Andy · November 19, 2020, 9:41am

For me it seems similar issue on my side

First all my Synology´s, now also all my Windows 10 computers back on v1.10.0 and it runs well and smoothly again.

Starting with v1.11.x all peers were green, but some of the devices were at a high percentage level (mostly 95%-99%) and got stuck. And that was random in every time different peer(s) and more or less directories in such peer(s).

I also try to use -reset-deltas (seems not work on Synology´s) but without change. I was only able to fix this by disconnecting the affected peer(s) and reconnecting them.

Only with v1.11.1, android (Syncthing-Fork / AArch64) up to now I have no problem.

Alex · November 19, 2020, 7:16pm

I could also reproduce it on a test setup with two devices, desktop and server, (not reliable, but it just happened at least once). The devices share 6 folders with the same content as real folders I sync (except some large files I deleted to reduce the size a bit). Both devices use syncthing v1.12.0-rc.3.dev.13.g7f63afcb.

After start of desktop, server shows out of sync for desktop again. Restarting syncthing on the desktop fixes it. I could provide logs for this case if you want but I guess it is similar to the case with the real setup.

Any other infos needed? Logs with more debugging options enabled?

imsodin · November 19, 2020, 8:42pm

I did not forget/abandon this. The logs you provided already do contain a good bit of info and I might also have found the cause. I’ll let you know when I have a PR to test. Thanks a lot for your help and patience in debugging this problem!

The log I added is actually not always correct. It should be “has no index ID for us” instead of “is not index compatible”, as while that can actually mean it’s not compatible, it can also mean it just doesn’t have any index data (-reset-deltas).

Alex · November 19, 2020, 9:07pm

good to know, not compatible would be weird in this case (but actually it should have the index at that time since the log was from the next start after -reset-deltas and not the one where it was reset)

Will run the build with the test setup as soon as it is available. There the issue does not seem to happen that often so it may need some time to be sure that it does not happen again.

Thanks for looking into this.

imsodin · November 19, 2020, 9:23pm

That’s exactly the issue (at least I hope it’s the, not just an issue) now: https://github.com/syncthing/syncthing/pull/7132

Alex · November 20, 2020, 7:32am

That description in the PR sounds exactly like what is happening.
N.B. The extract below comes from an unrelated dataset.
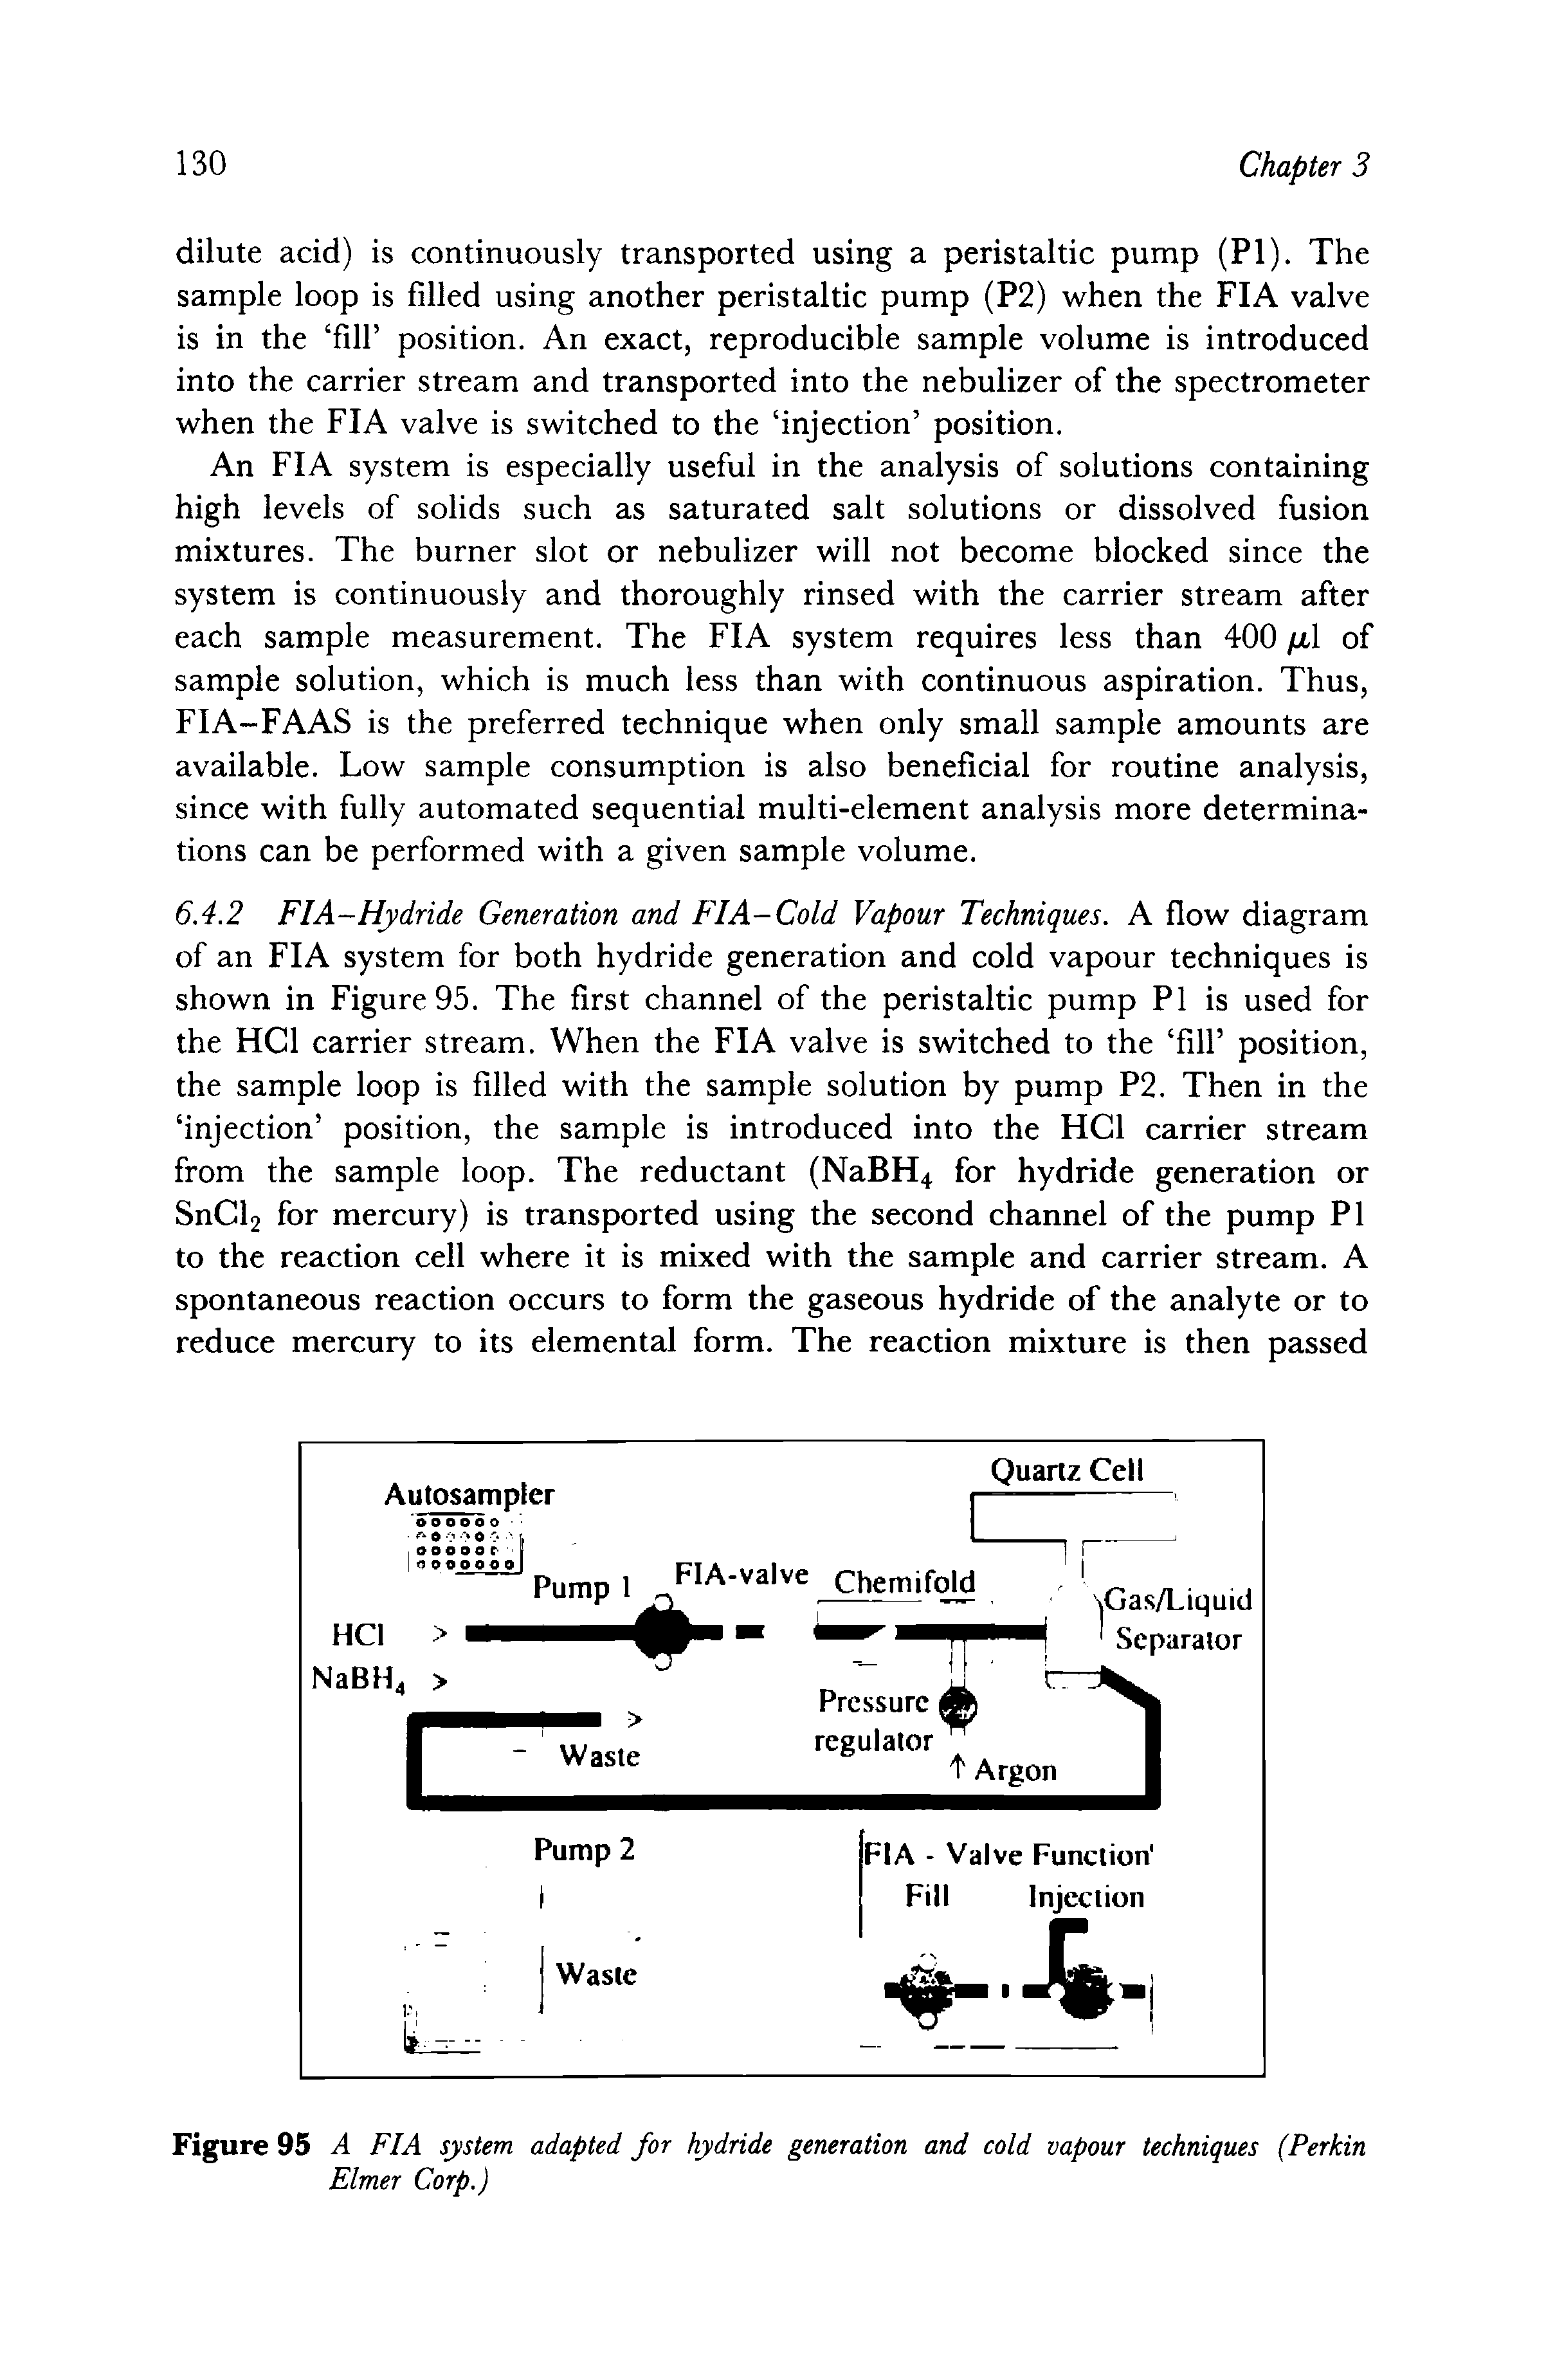 Figure 95 A FIA system adapted for hydride generation and cold vapour techniques (Perkin Elmer Corp.)...

“This problem likely existed for a long time” I can confirm that v1.10.0 also seems to drop indexes on one side, however it looks like they are resent so it does not matter that much.

Running the build from the PR now on the test setup, before the upgrade I had the issue once again there, so it also seems to happen quite often. Will see if it happens again, if not I will try it on the real setup in a few days.

Andy · November 20, 2020, 12:27pm

Maybe such processes are normally under circumstances, I don’t know how it works with the indexes. I couldn’t judge that. However, there must be a more substantial difference between v1.10.0 and the following. Quiet seems returned since I downgraded all devices.

imsodin · November 20, 2020, 1:05pm

Yes Andy, there have been significant changes related to this in v1.11.1 and v1.12.0 - as documented in the changelog. Thanks to all the debugging in this thread we have actually found problems and are fixing them right now. Downgrading may be a necessary and effective measure, but it’s not a permanent solution nor does it help fix problems.